§ What needs to be done: Where does the word "Image" show up in the records? Copy every line that has it.

*** Opening Provided records ***

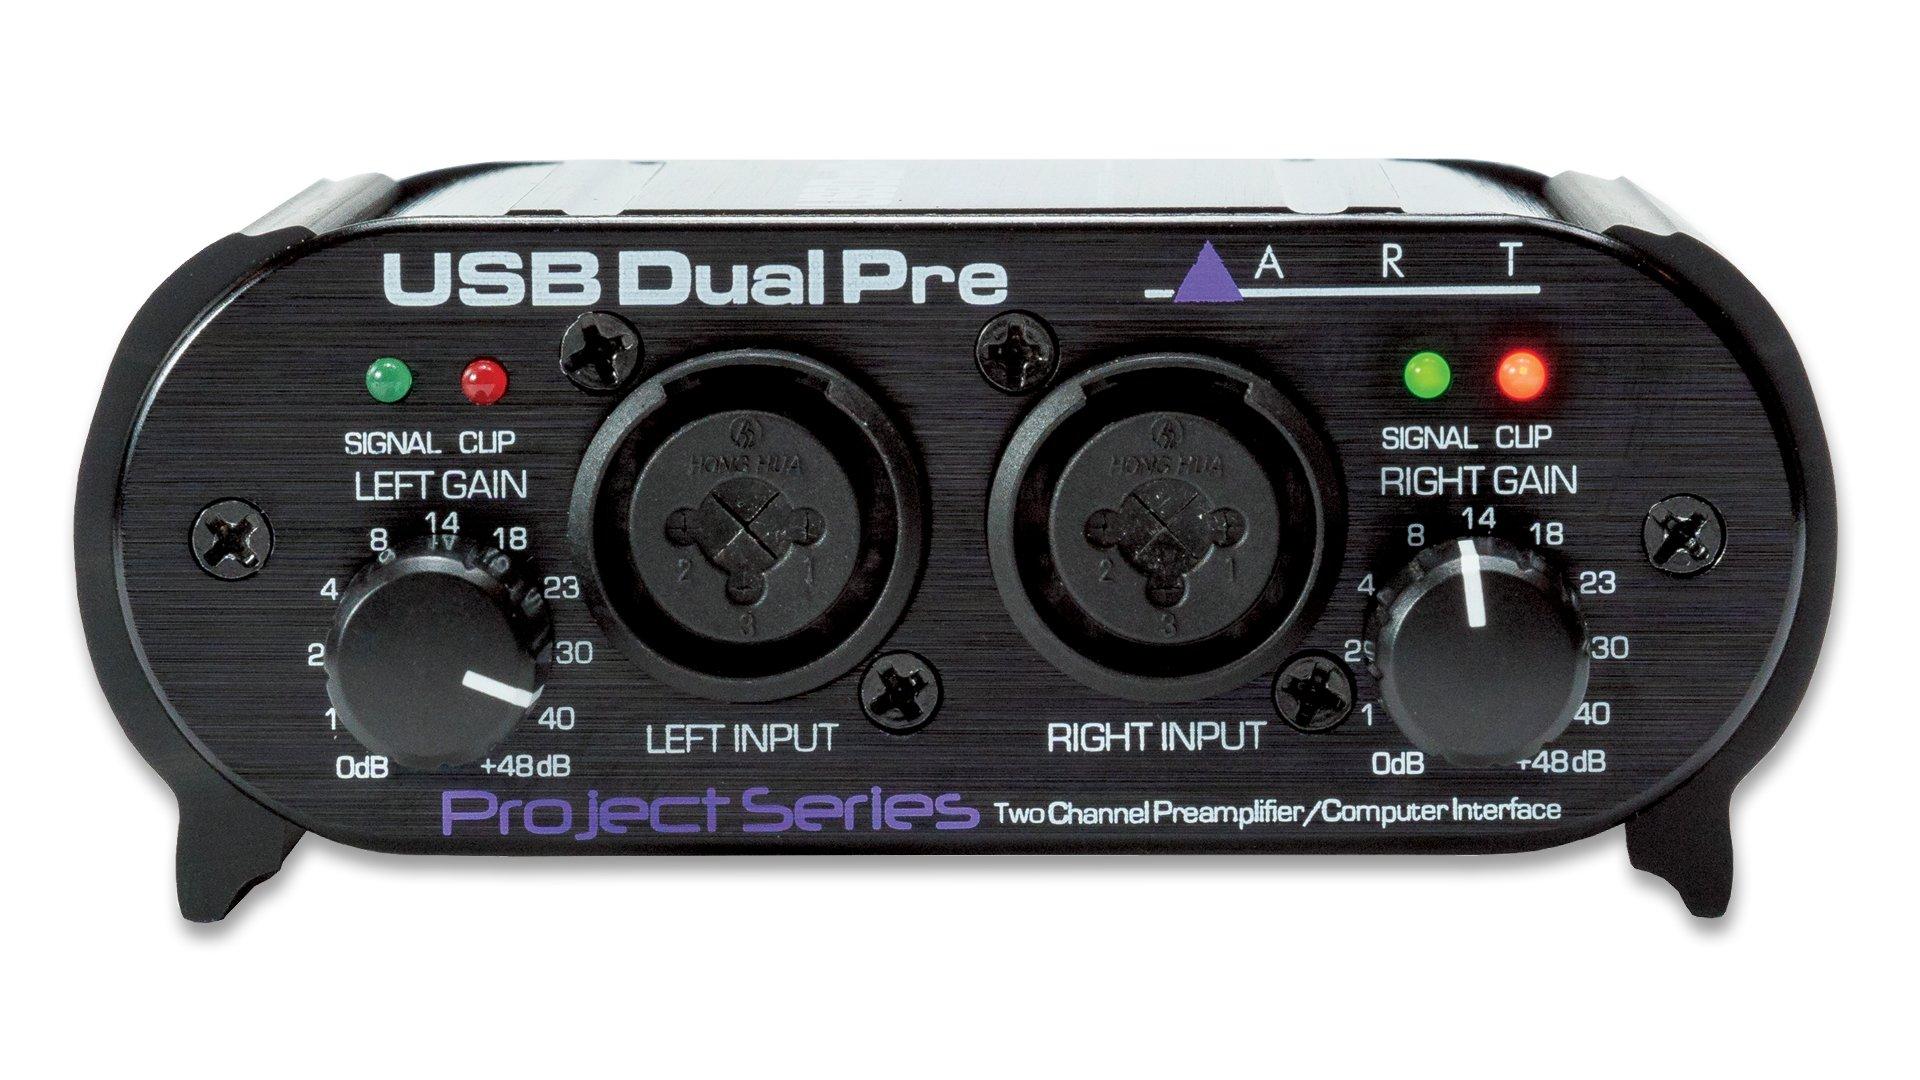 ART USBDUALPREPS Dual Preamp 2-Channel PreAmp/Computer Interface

*** Closing Provided records ***
*** Opening Provided records ***

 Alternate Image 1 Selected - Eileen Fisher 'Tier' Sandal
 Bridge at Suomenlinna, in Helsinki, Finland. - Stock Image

*** Closing Provided records ***

§ Exercise answer:
 Alternate Image 1 Selected - Eileen Fisher 'Tier' Sandal
 Bridge at Suomenlinna, in Helsinki, Finland. - Stock Image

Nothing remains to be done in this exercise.